Steven Seagal: Lawman has its detractors (Hello, Jefferson Parish Sheriff's Office, and thank you for the comments!), but the new "real-life" A&E cop drama featuring the star of Out for Justice as a zen-mastering Louisiana policeman is watchable, at least. Tracking down baddies with a charging squad and a boom mic remains a recyclable TV feast. But better yet, this series comes packed with plenty of Seagal teachings that deserve a textbook all its own.

1. Three things that indicate you're dealing with a bad guy: "A cock of the head, a foot planted forward or back, a flick of the wrist."

After touting that he "sees things for what they are" as a member of the Jefferson Parish squad, Seagal listed these three indicators as dangerous suspect qualities. Rebuttal: He could just be a novice billiards shooter, Steven.

2. Don't fight the recoil of the weapon, but move to become one with the weapon and let it become an extension of your body.

While assisting a less-than-zen patrolman with his marksman skills, Seagal's voice dropped an octave as he relayed these helpful words. Cliched though his lesson sounds, it's also standard: This sentiment is nearly a summation of the classic text Zen and the Art of Archery by Eugen Herrigel. Coincidentally, the same book is used to teach fundamental acting techniques -- the ones thoroughly avoided in Executive Decision.

3. A 270-caliber is a very, very fast round. Goes through most vests. It's a big enemy of the police.

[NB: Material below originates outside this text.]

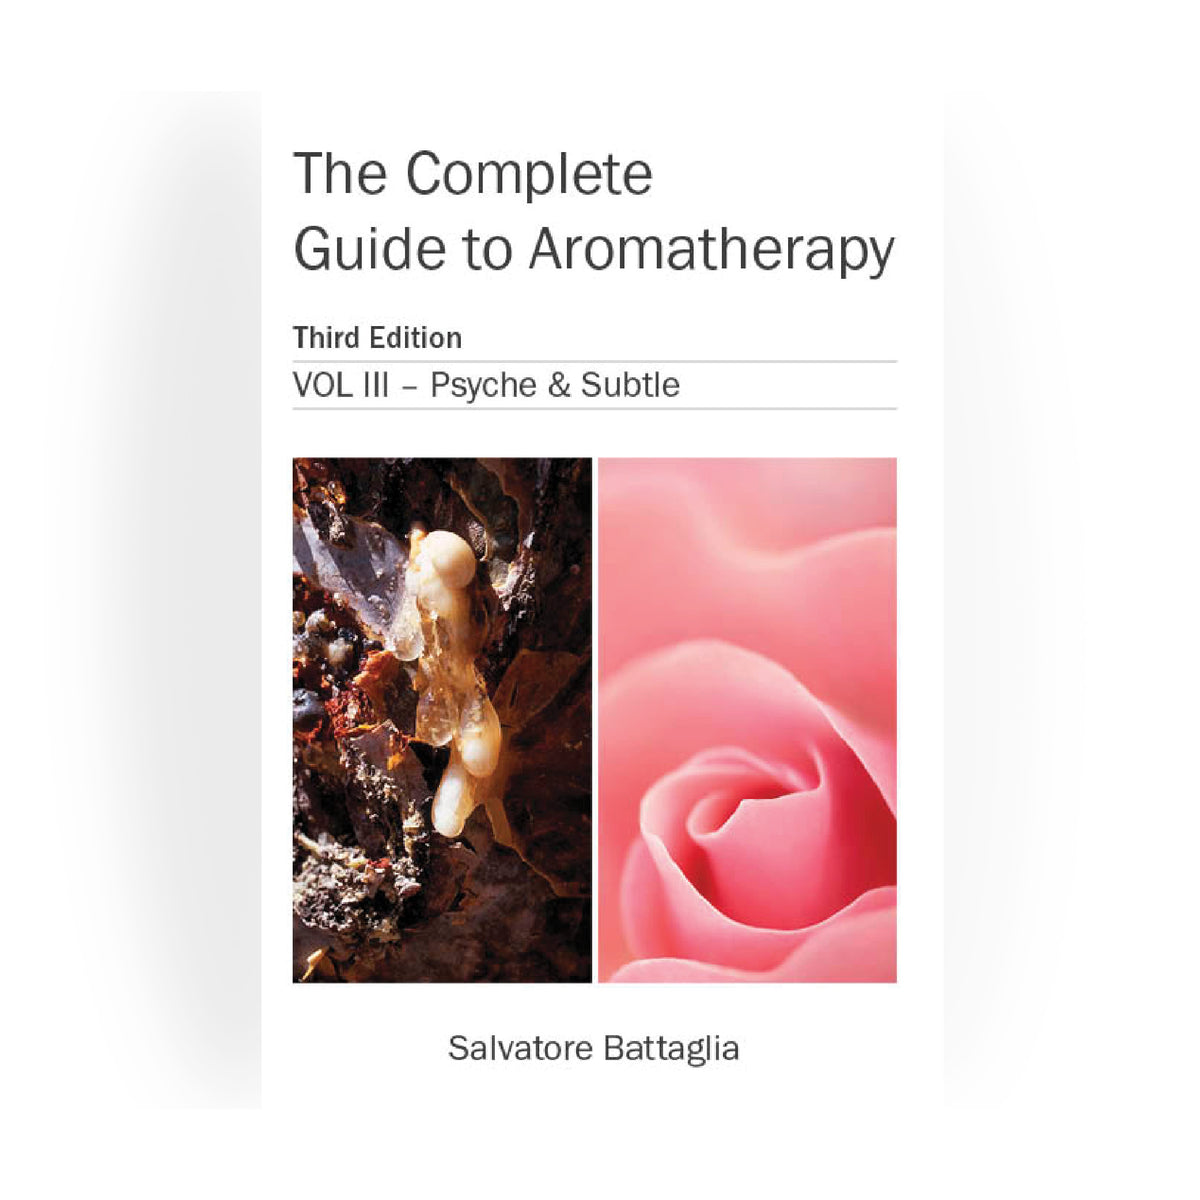 The Complete Guide to Aromatherapy Third Edition Vol III

Noted! Our hero plucked one of these gold bullets from a man tracked down in a gigantic, 946-car bust.

4. [Holding a mask taken from a suspect] This is a marking of someone who's fixing to do bad things.

Or the marking of someone who wants to play "masquerade billiards," Steven! My days as an English snooker hound are coming back to me.

5. Martial arts masters are trained to remain calm in the face of adversity and diversity.

Another almost-direct quote. While I'm sure this is true, perhaps the wording here could've been better. I'm picturing "diversity" as my seventh-grade health book seemed to define it: black people, the elderly and amputees. Now every time I watch The Glimmer Man, I'll think of how calm Steve looks around Keenan Ivory-Wayans.